With this turn of events Joanna and her husband Walt (Matthew Broderick of You Can Count on Me), who works in her shadow at the same studio, along with their two children, relocate to the idyllic suburb of Stepford, Connecticut. The set up on this is somewhat like Cold Creek Manor, with Sharon Stone and Dennis Quaid, who get fed up with NYC and move to the country where life is supposed to be so much less cutthroat. Both scenarios find high-powered, high profile women with their lives in jeopardy. Hey, do we detect a pattern here?

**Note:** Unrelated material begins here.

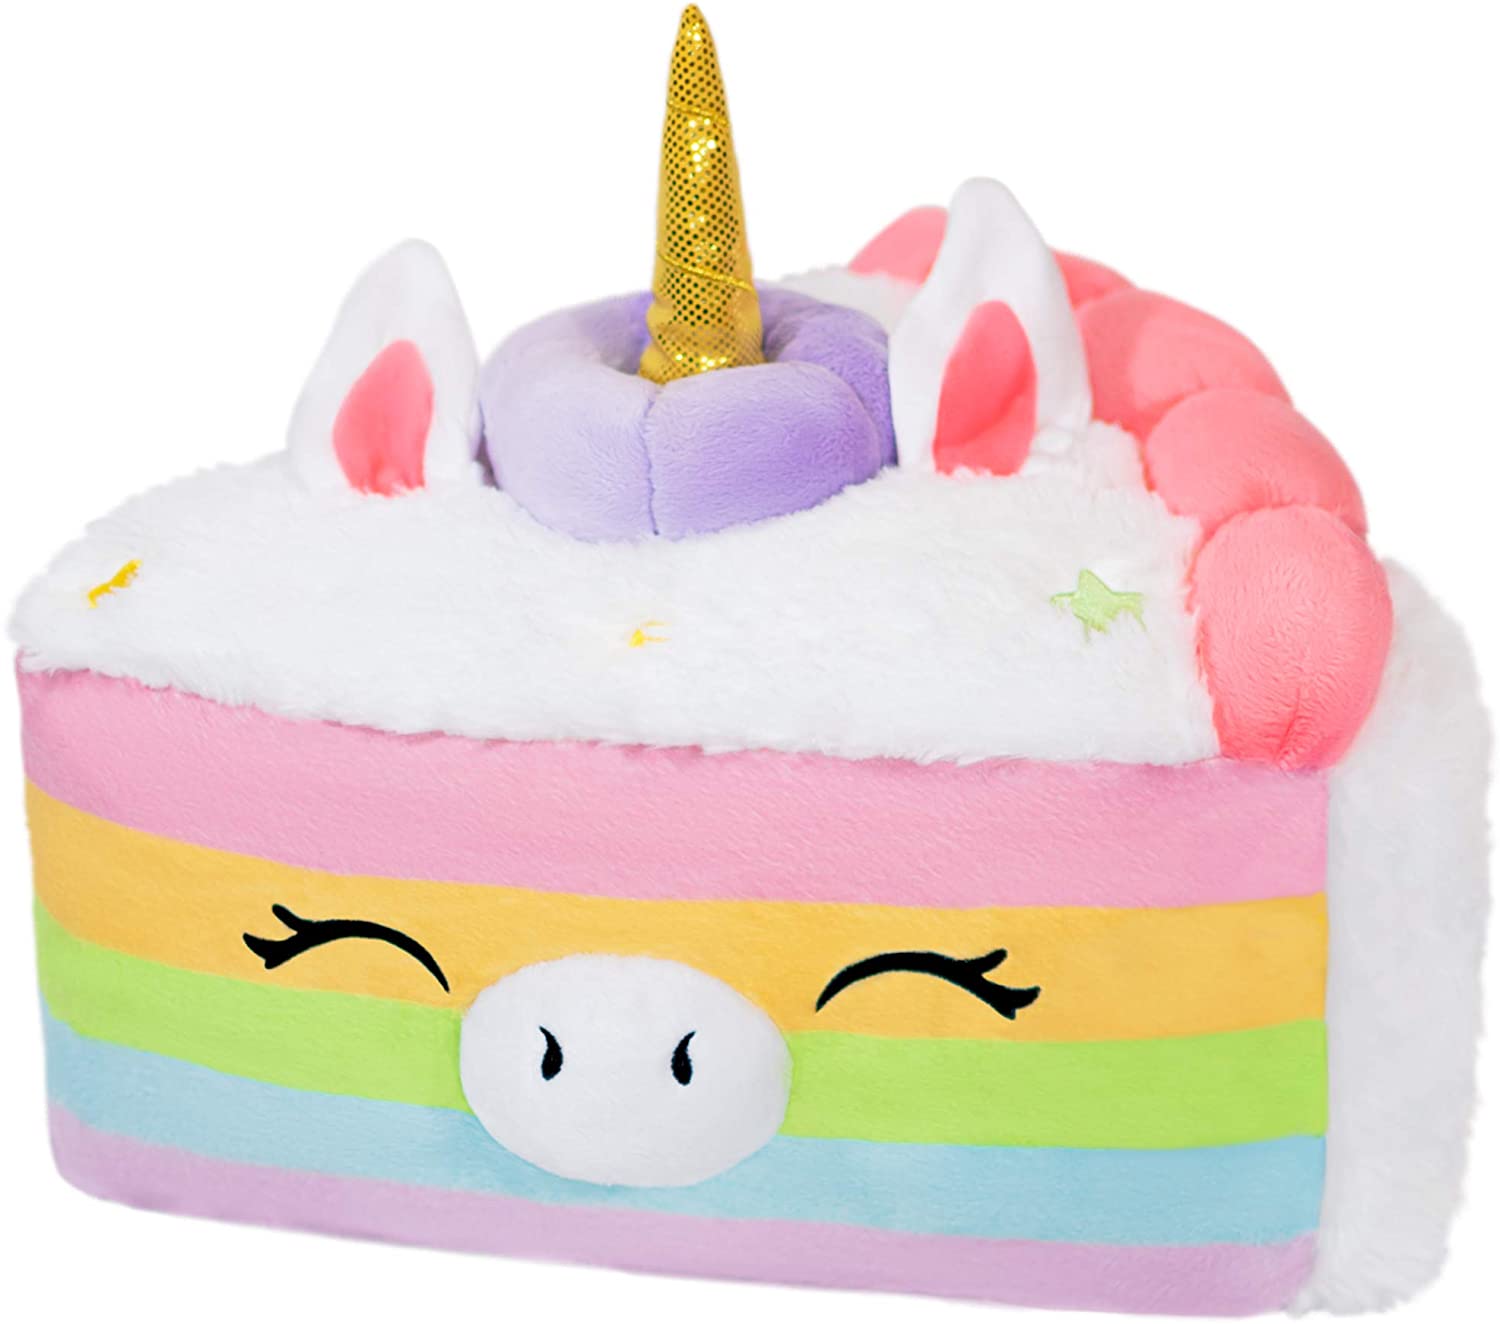 Comfort Food: Unicorn Cake - Ages 3+
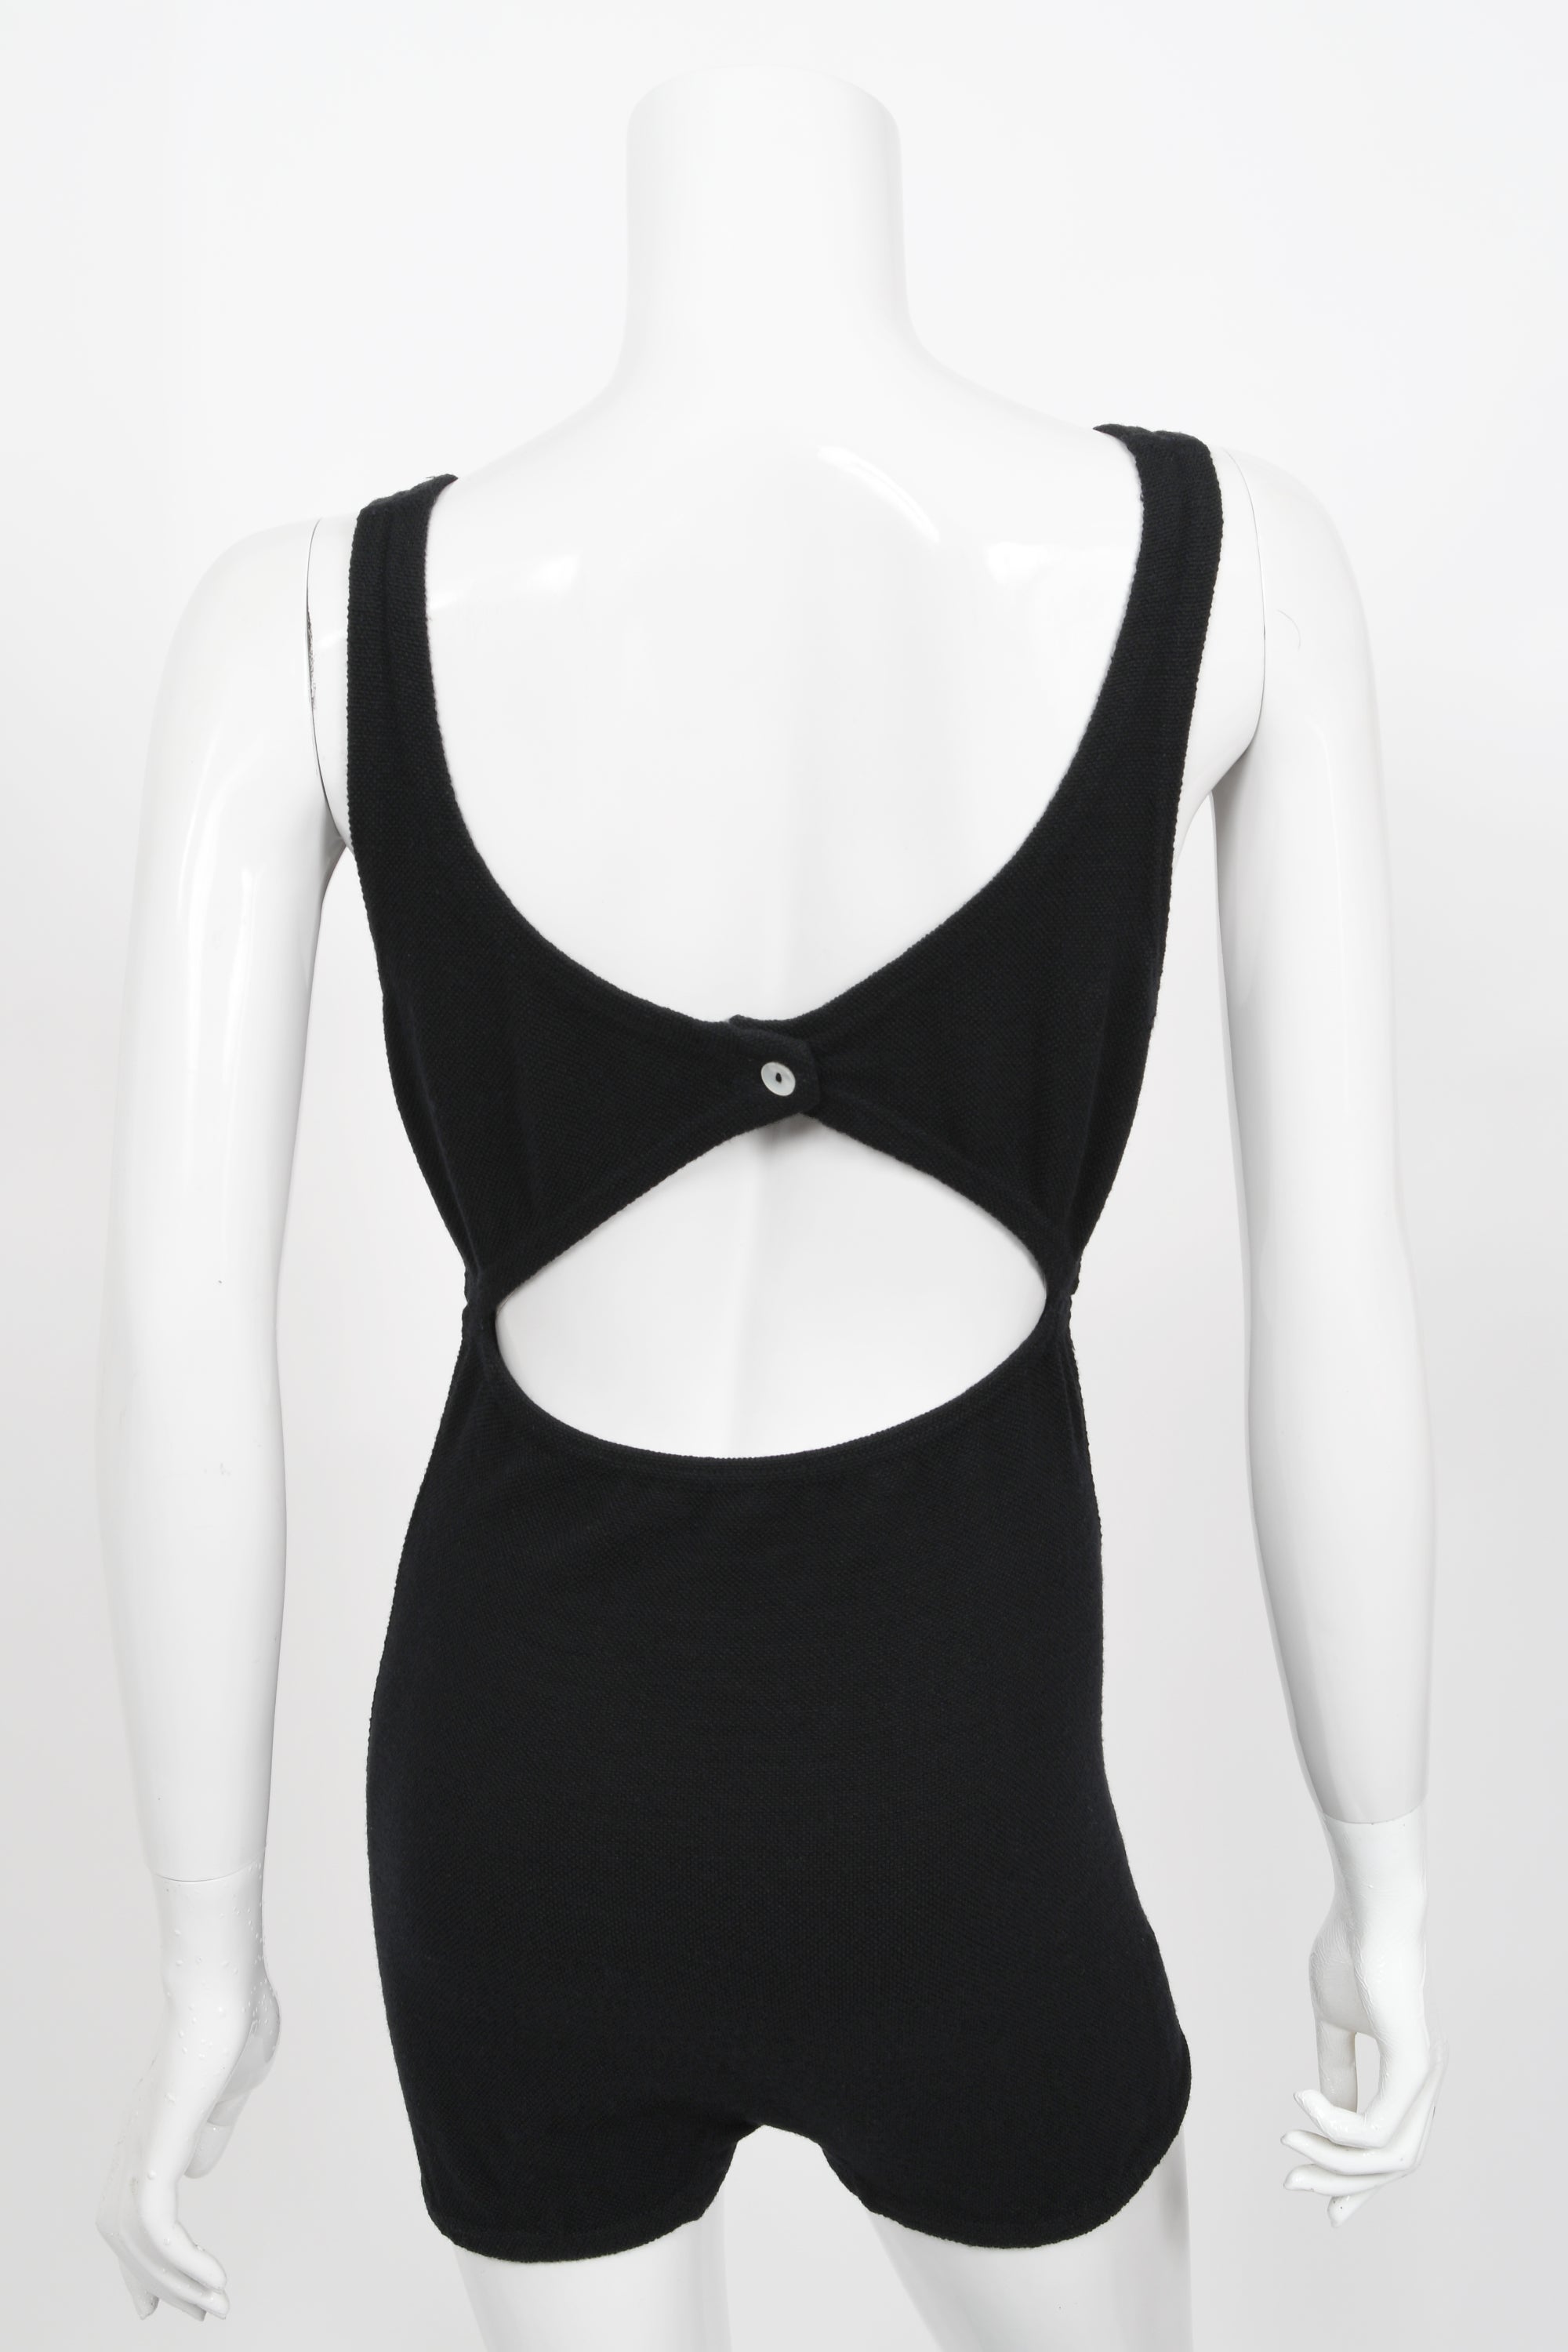 Vintage 1968 Rudi Gernreich Museum-Held Black Wool Jersey Cut Out Mod Swimsuit  For Sale 5

The houses in the gated community of Stepford are luxurious, and the women who occupy them are a little too cookie cutter friendly in both actions and appearance. Notice, we did not say the women "live" in the houses, for they all seem to not have minds of their own, other than Bobbi (Bette Midler of What Women Want) and Claire (Glenn Close of Cookie’s Fortune.. republish 20031q). Bobbi is a cranky, sarcastic, writer, and she and Joanna recognize they are kindred spirits. Claire, like the other wives of Stepford, is on auto pilot, subservient to her husband ¾ except we sense she clearly is a manipulator with an agenda. Glenn Close could be more frightful than her role in Fatal Attraction, if her character, and the others, as well as the script, didn’t fall apart about 20 minutes into the film.

When one of the Stepford wives has a seizure at a 4th of July celebration, Joanna knows that something is strange when the woman short circuits and starts "sparking." As Joanna becomes more suspicious of her surroundings, Walter starts to embrace the life of his staid men’s club headed by Claire’s husband Mike (the indomitable Christopher Walken of Man on Fire).

We loved the first part of the movie, as Nicole Kidman was edgy and the script had sharp comedy. Not long after Glenn Close welcomed Nicole’s family to Stepford, the drama/thriller part of the film just never hatched. The men were despicable to the point that they were not funny. The high heels and seductive dresses worn by the women on the golf course, as they played caddy for their husbands, was useless sight humor, and Joanna’s baking frenzy was nonsensical. When the comedy part was over the segue to drama fell flat. There was no mystery to the "mysterious goings-on" of the town.

A slowly falling tear that was to break an emotional stalemate telegraphed the key developmental turn of the film. There was some dark humor at the end with Claire and Mike that picked things up a bit, but too little and way too late.

George’s Take: For a movie about an idyllic town where things are not as they appear rent Dogville. Ironically, it also stars Nicole Kidman and it’s a brilliant film.

Pam’s Take: The original "Stepford Wives," made in 1975, was not a great film but there were elements of mystery, some humor and a touch of horror. All of that is missing here.